- Born: 31 May 1953 Dokolo District, Protectorate of Uganda
- Died: 7 December 2022 (aged 69) Mulago, Kampala, Uganda
- Citizenship: Uganda
- Education: Makerere University (Bachelor of Laws) (Master of Laws) Law Development Centre ( Diploma in Legal Practice)
- Occupations: Lawyer, judge
- Years active: 1982—2022 (his death)
- Known for: Law
- Title: Justice of the Supreme Court of Uganda

= Rubby Opio Aweri =

Ugandan lawyer and judge (1953–2022)

 Rubby Opio Aweri, also Rubby Aweri Opio (31 May 1953 – 7 December 2022) was a Ugandan lawyer and judge, who served as a justice of the Supreme Court of Uganda, from September 2015. In August 2017, the Judiciary named him as the new Chief Inspector of Courts on a three-year term.

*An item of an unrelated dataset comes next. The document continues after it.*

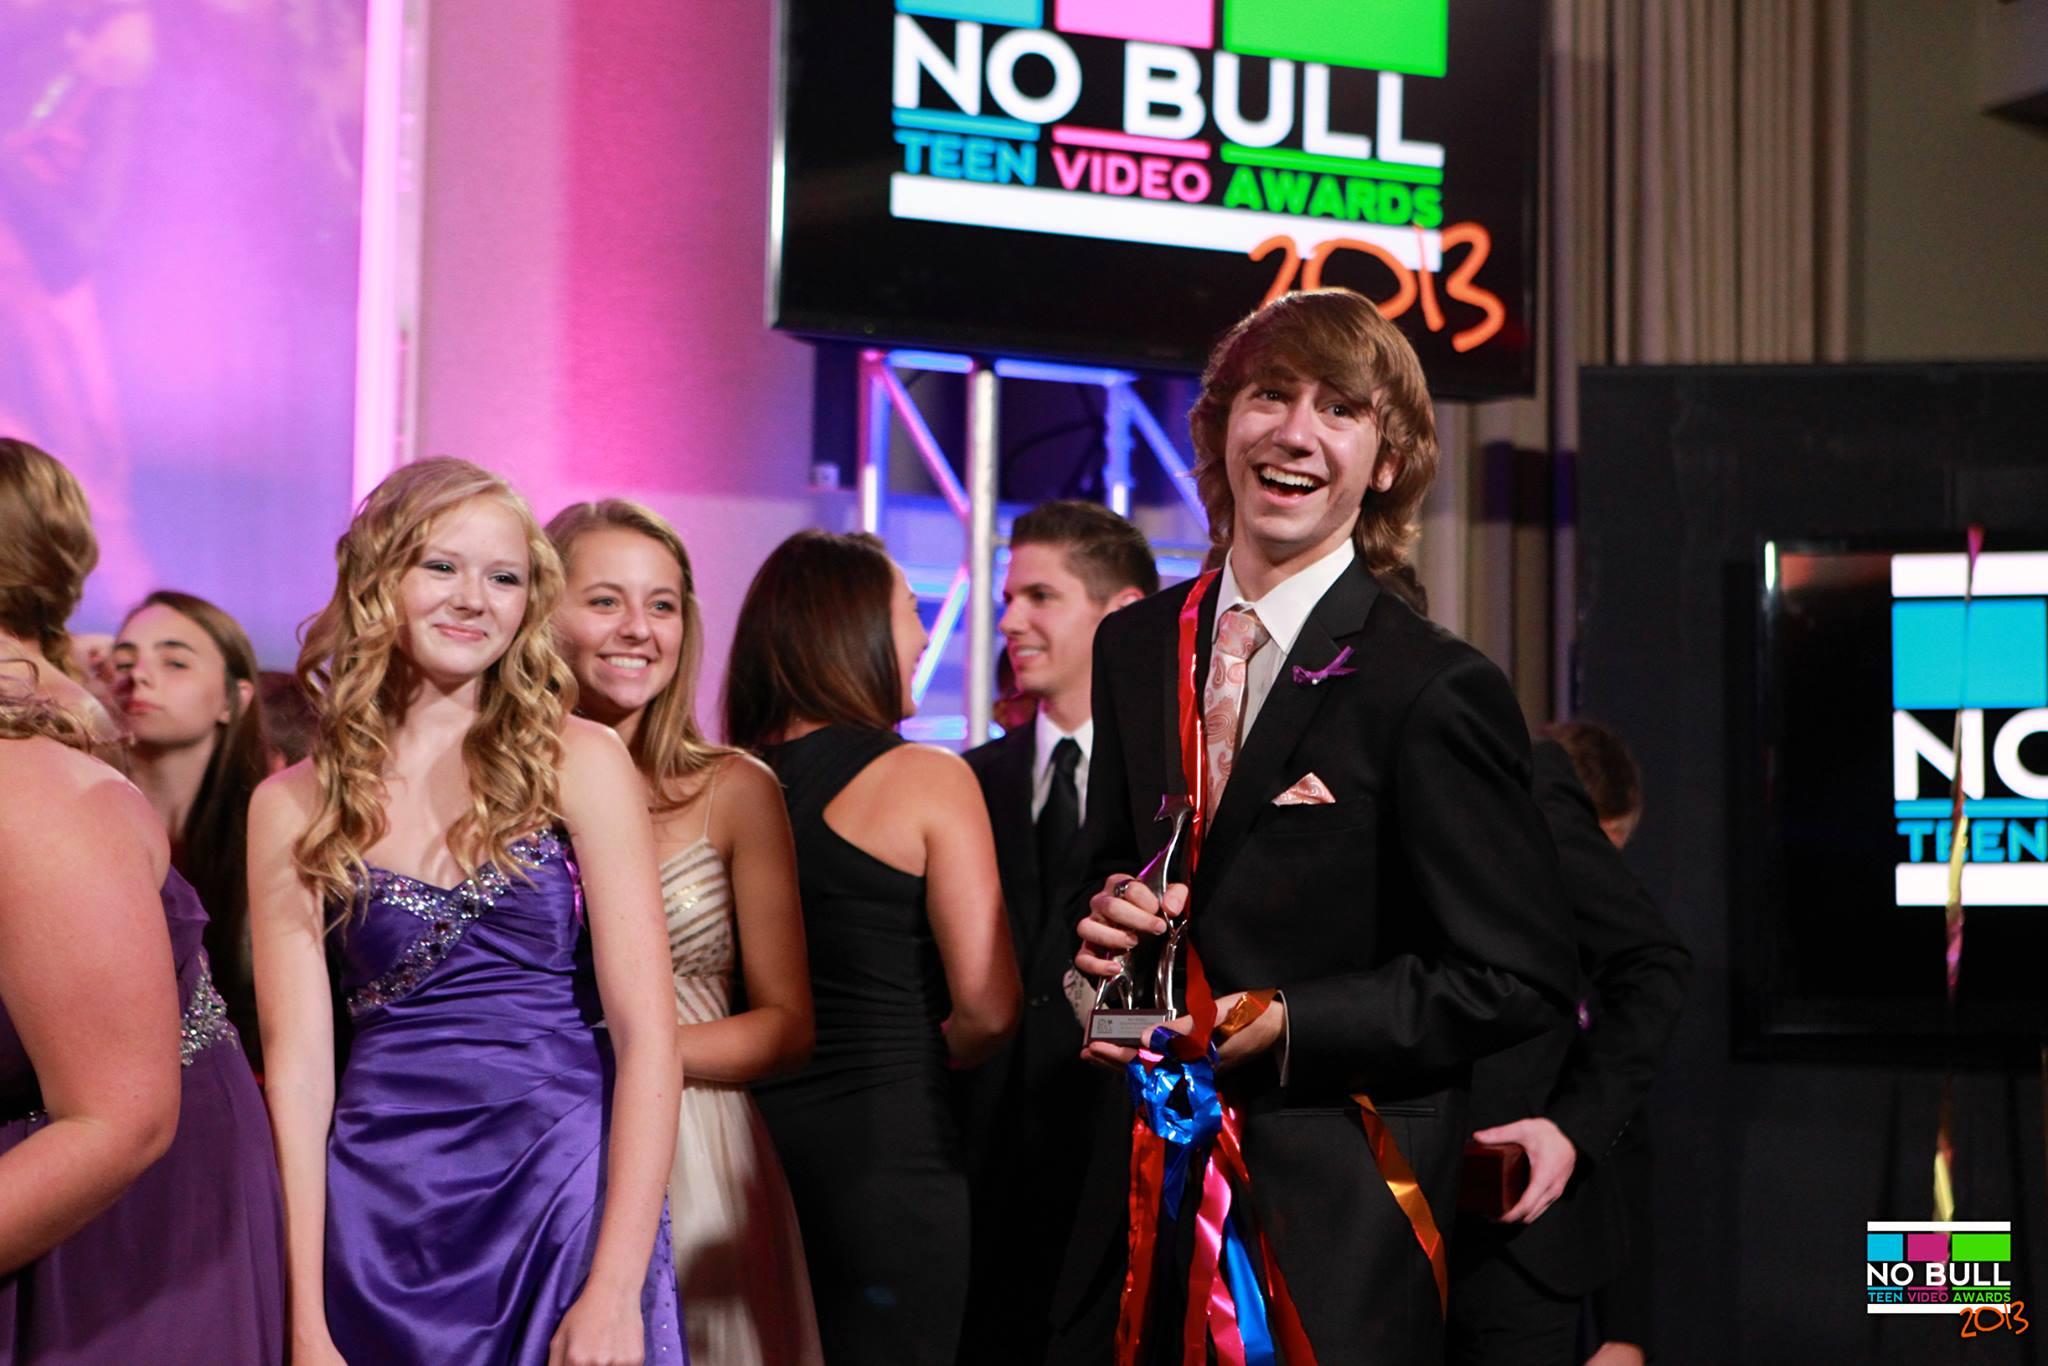 Teen Video Awards
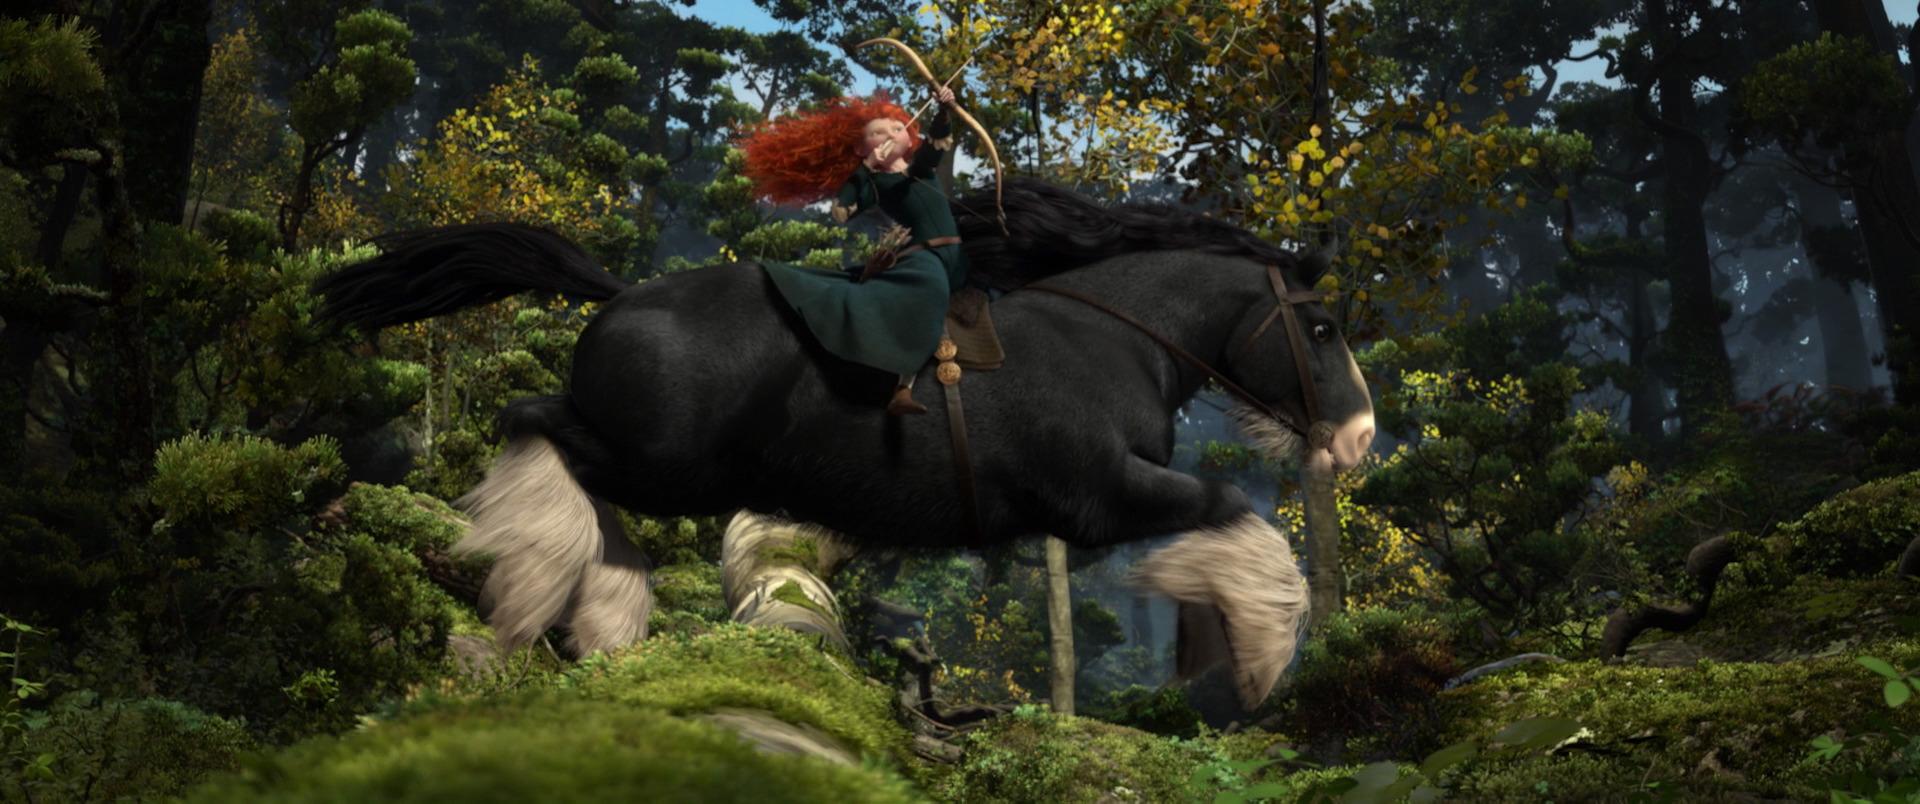 Image result for Merida on horseback shooting arrows

==Background and education==
Aweri was born in Dokolo District in 1953, the son of the late Samwiri Opio Aweri.

Aweri held a Bachelor of Laws from Makerere University, in Kampala. He held a Diploma in Legal Practice from the Law Development Centre, also in Kampala. His Master of Laws was also obtained from Makerere University.

==Career==
Aweri's career started in 1982, as a legal assistant in the Soroti District. In 1983, Aweri was appointed a grade one magistrate. He gradually rose through the ranks and in 1998, was appointed a judge of the High Court. In 2014, he was promoted to the Uganda Court of Appeal. In September 2015, he was elevated to the Supreme Court of Uganda. In August 2017, the Judiciary named him as the new Chief Inspector of Courts on a three-year term.

==Personal life and death==
Aweri was married. He died at Mulago National Referral Hospital on 7 December 2022, at the age of 69.